Newspapers of the time, such as the New Brunswick Home News, report the Pillar of Fire used klan contributions to publish a newsletter in which the church advocated for many of the KKK’s most intolerant values, and White went on record preaching in support of the klan. Yet, Cruver said, by the early 1940s, White saw the KKK for what it was.

“Alma White, in her writing, was … such a strong Zionist and so open about how God had taken racism out of her heart, and that though we still totally regret and repent of any affiliation with that organization, Alma White didn’t do it for those reasons,” Cruver said. “Our biggest problem is when she realized what the klan was really about … she never formally renounced it. She just kind of dropped it like a hot potato, and that didn’t particularly work well, particularly in the age of the Internet.”

On Internet, past haunts church

Cruver said the Internet makes the association with the KKK a painfully recurring subject, since information is so easy to find online.

“Perhaps it was fine until the Internet age, when everything comes back from the past. And you know you just can’t be silent about it. You have to be vocal. We regret that, we repent that, and it is not who we are,” he said.

The church itself uses the Internet to repudiate the relationship as well.
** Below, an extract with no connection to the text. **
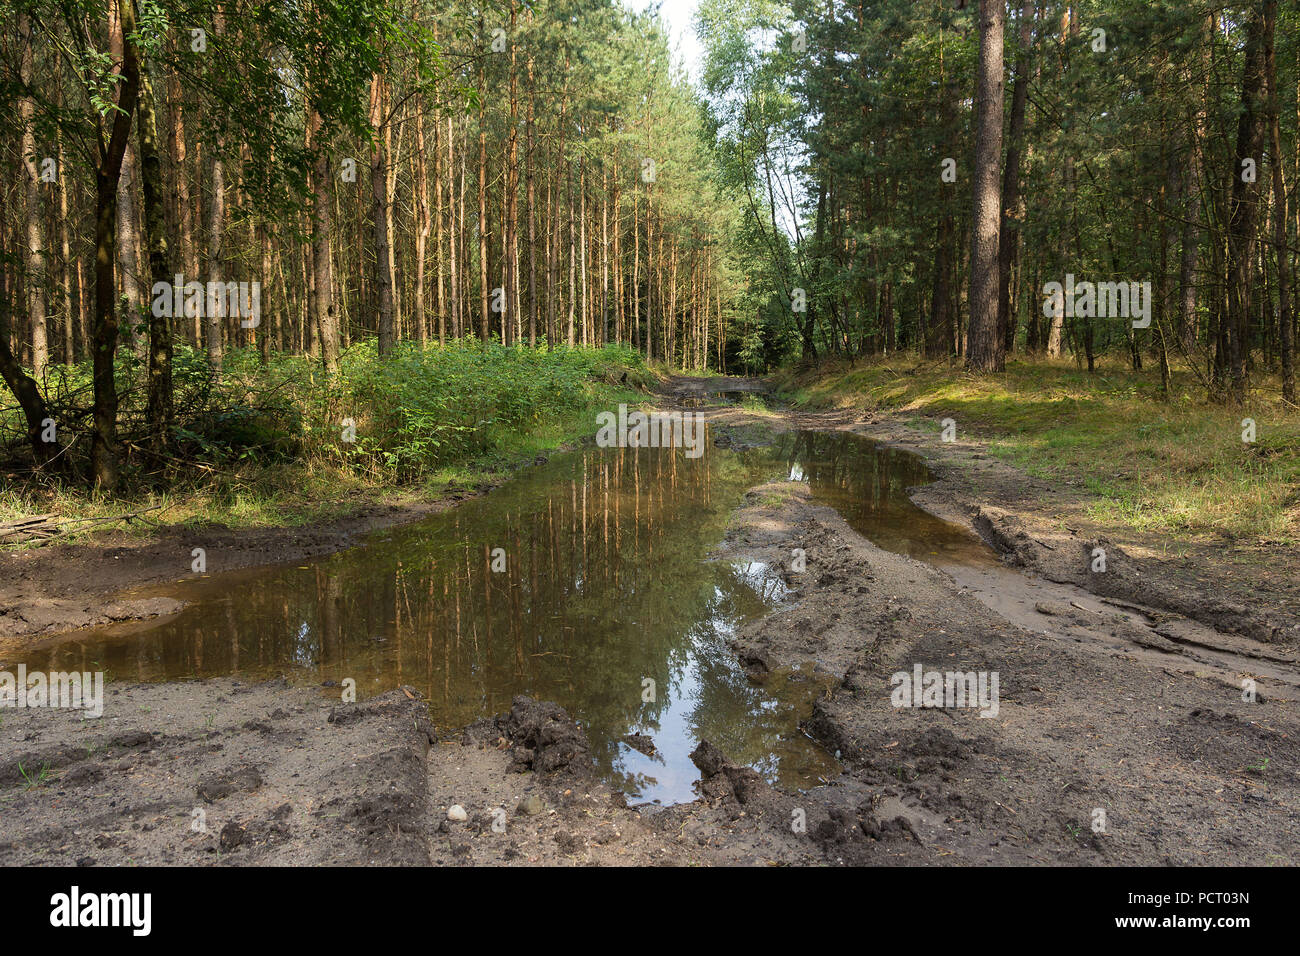 Land Brandenburg, muddy forest road, puddle - Stock Image
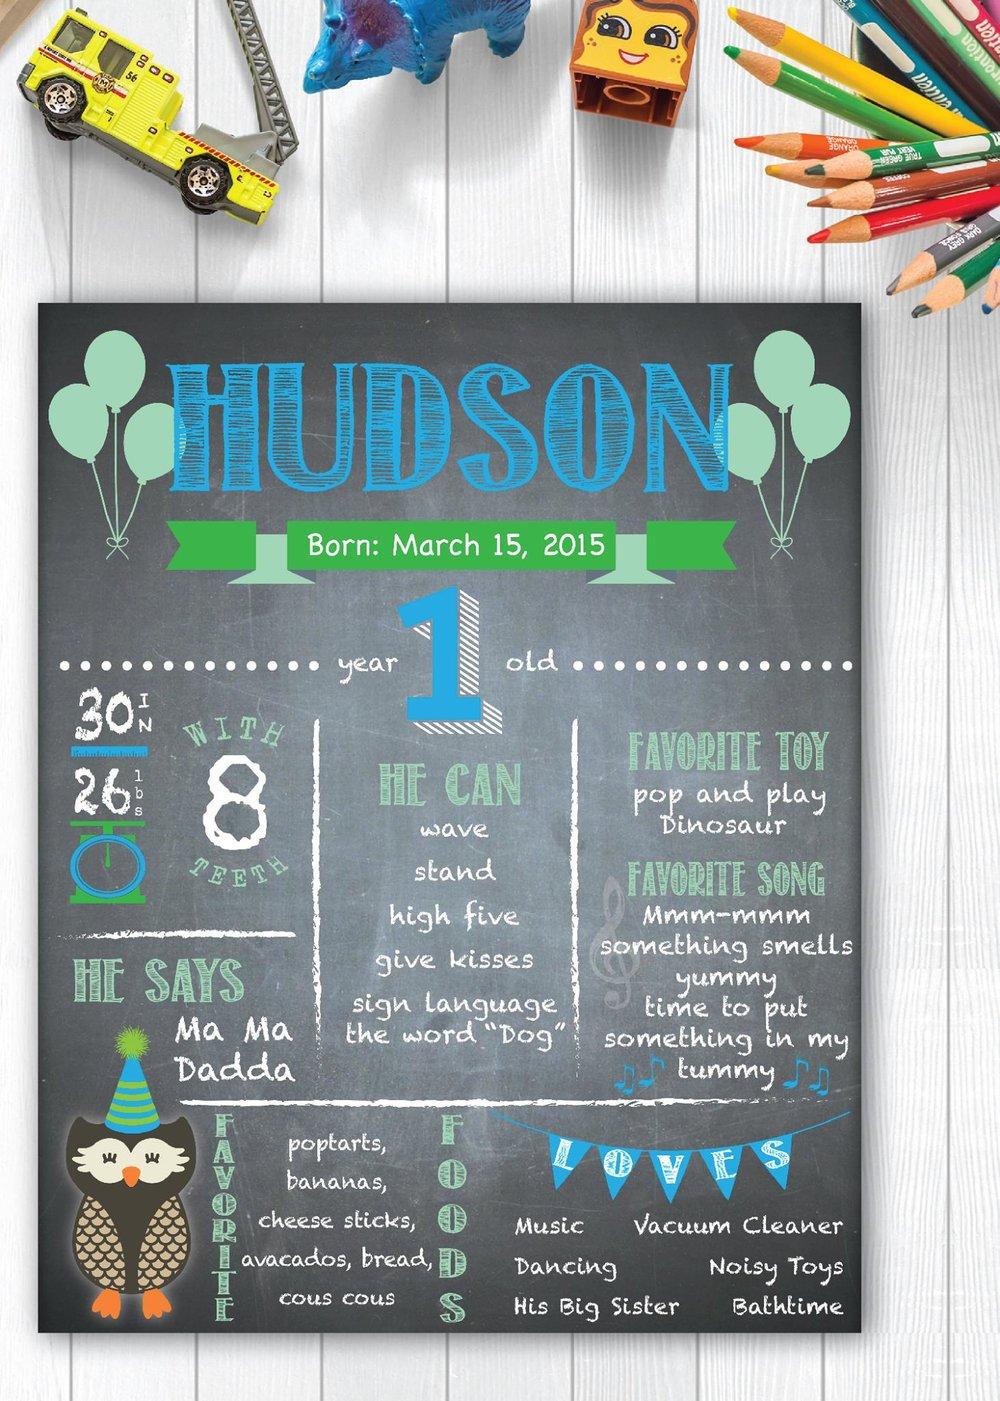 jsd hudson birthday board.jpg

Cruver said he likes to face the problem head on.

“We have membership classes regularly here and I always bring it out … I say, ‘Listen, if you go to Wikipedia and you read anything about this church, somehow, somewhere, you’re going to see something about the KKK,'” he said. “I put it in context … and I say … ‘I want you to know we’ve repented of that, and that anyone who had anything to do with that is long gone.'”

Zarepath is now a “commuter congregation” for its 2,000 members as a result of damage sustained during Hurricane Doria in 1971, Hurricane Floyd in 1999, and Hurricane Irene in 2011. A 7-foot waterline is visible on one of the buildings.

Hurricane Sandy was more merciful but, because Franklin Township wouldn’t allow the church to raise the levees that protect the grounds from flooding, only 12 families remain on campus. Services and church-related activities are held in one of the campus common use buildings. The remaining buildings, including the original chapel, dormitories, stables, and the home once occupied by Alma Bridwell White and her family, are preserved as part of the past.